A iniciativa surge diante da crescente insatisfação do setor com a predominância de atrações externas nas festas de São João realizadas pelos municípios, muitas delas financiadas com recursos públicos. O movimento defende que o São João, uma das maiores manifestações culturais da Bahia e importante motor de geração de emprego, renda e identidade cultural, deve fortalecer prioritariamente a economia criativa local.

A proposta de TAC apresentada pelos coletivos de forrozeiros sugere que ao menos 50% das atrações das programações juninas sejam compostas por artistas baianos de forró, tanto em número de contratações quanto, preferencialmente, no volume de recursos investidos.
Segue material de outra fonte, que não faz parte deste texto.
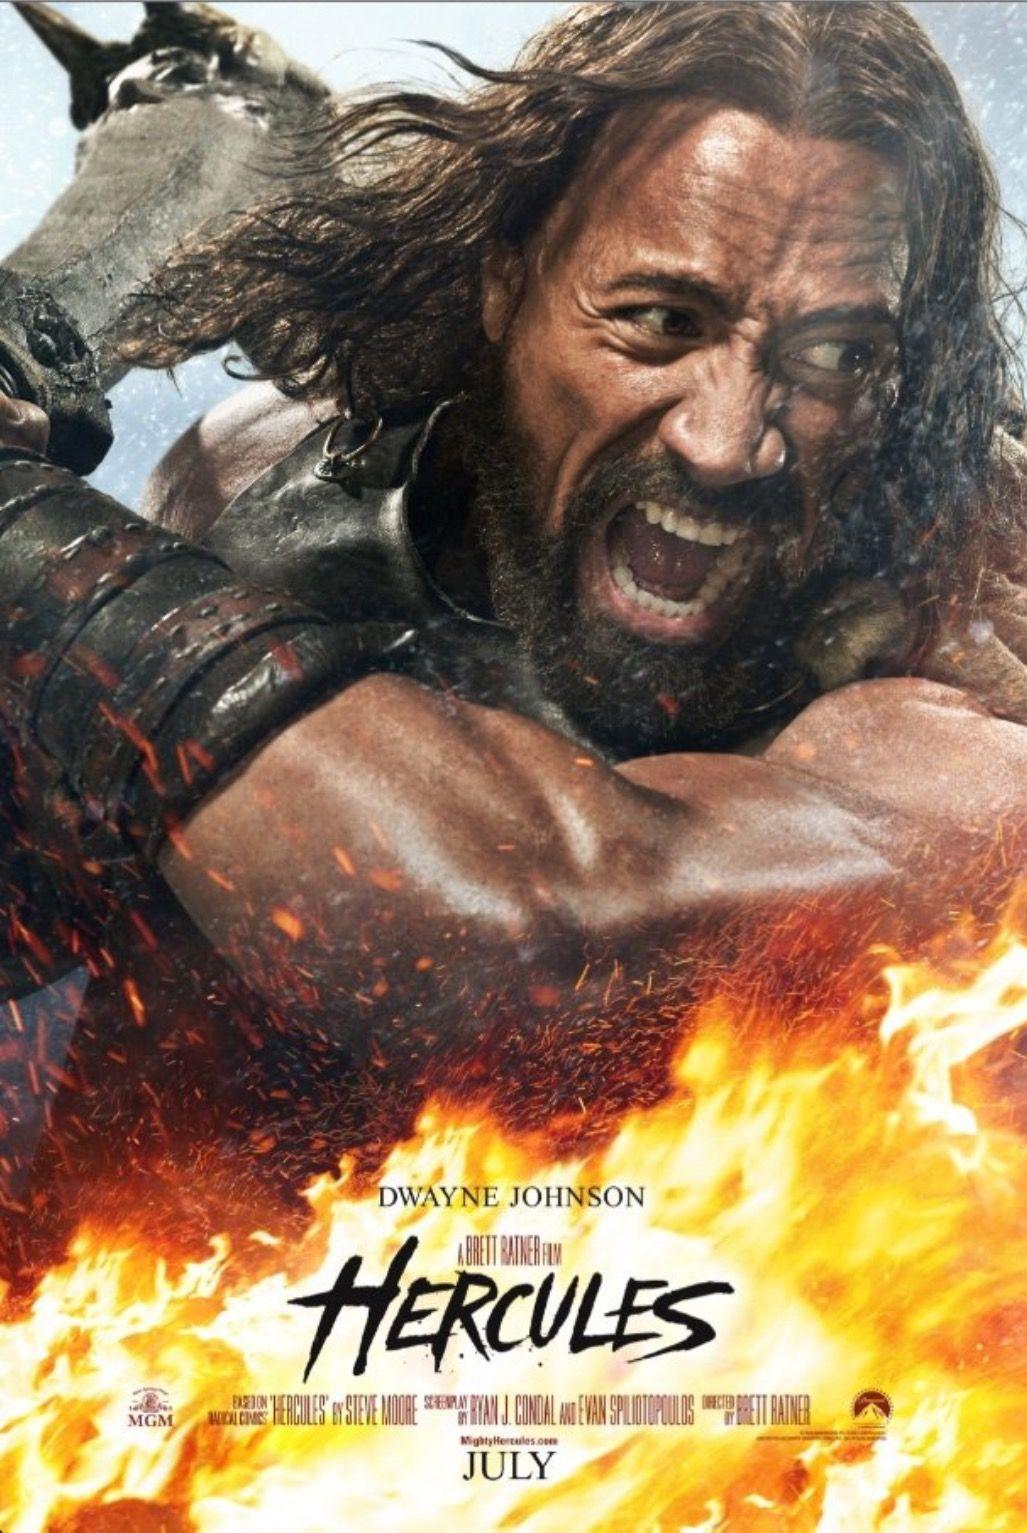 Pin by Craig Jowles on My Year in Film Hercules movie
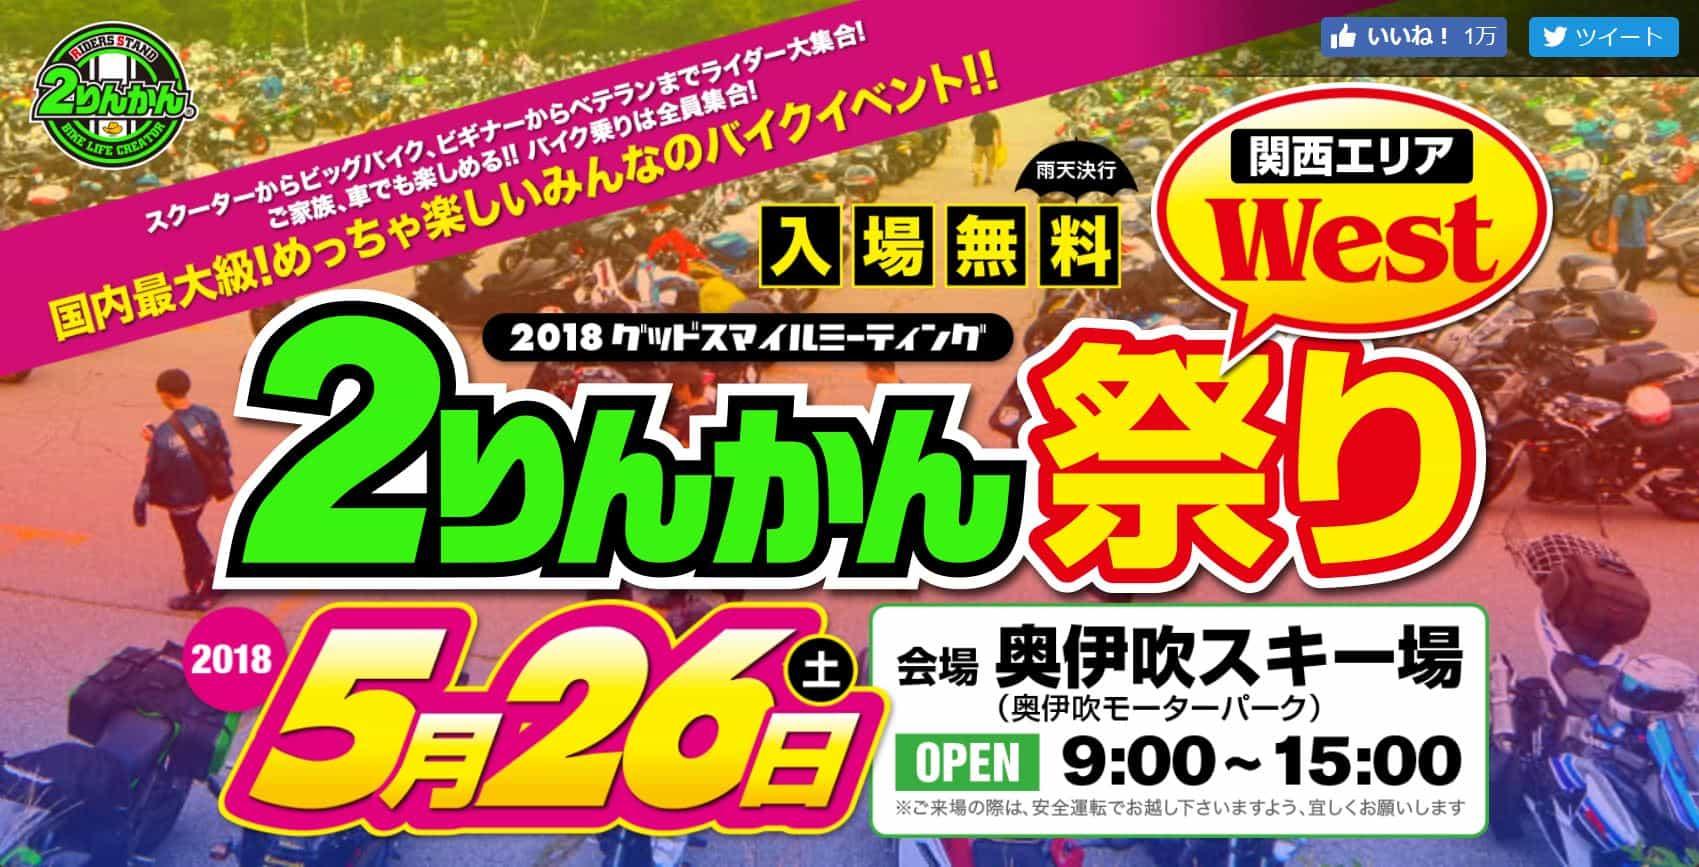 ★【日本最大級】のバイクイベント「2りんかん祭り」開催!!全国からバイク「3000台」が集結!!

O documento também prevê maior transparência nas contratações, com divulgação prévia das grades e dos valores pagos, além do respeito às legislações vigentes sobre contratação pública.

Entre os pontos defendidos estão ainda o monitoramento do cumprimento do TAC pelo Ministério Público Estadual e pelo Tribunal de Contas dos Municípios, a atuação da UPB como articuladora e orientadora dos gestores municipais e o apoio institucional do Governo do Estado da Bahia, por meio de suas secretarias e órgãos de cultura.

Segundo os organizadores, a adoção do TAC pode resultar no fortalecimento do forró e da cultura popular baiana, na ampliação da geração de emprego e renda para artistas e trabalhadores da cultura, no uso mais equilibrado dos recursos públicos e na redução de conflitos jurídicos relacionados às contratações artísticas.

A mobilização desta quinta-feira reforça o apelo por diálogo institucional e pela construção de soluções que aliem legalidade, desenvolvimento econômico e valorização da identidade cultural baiana.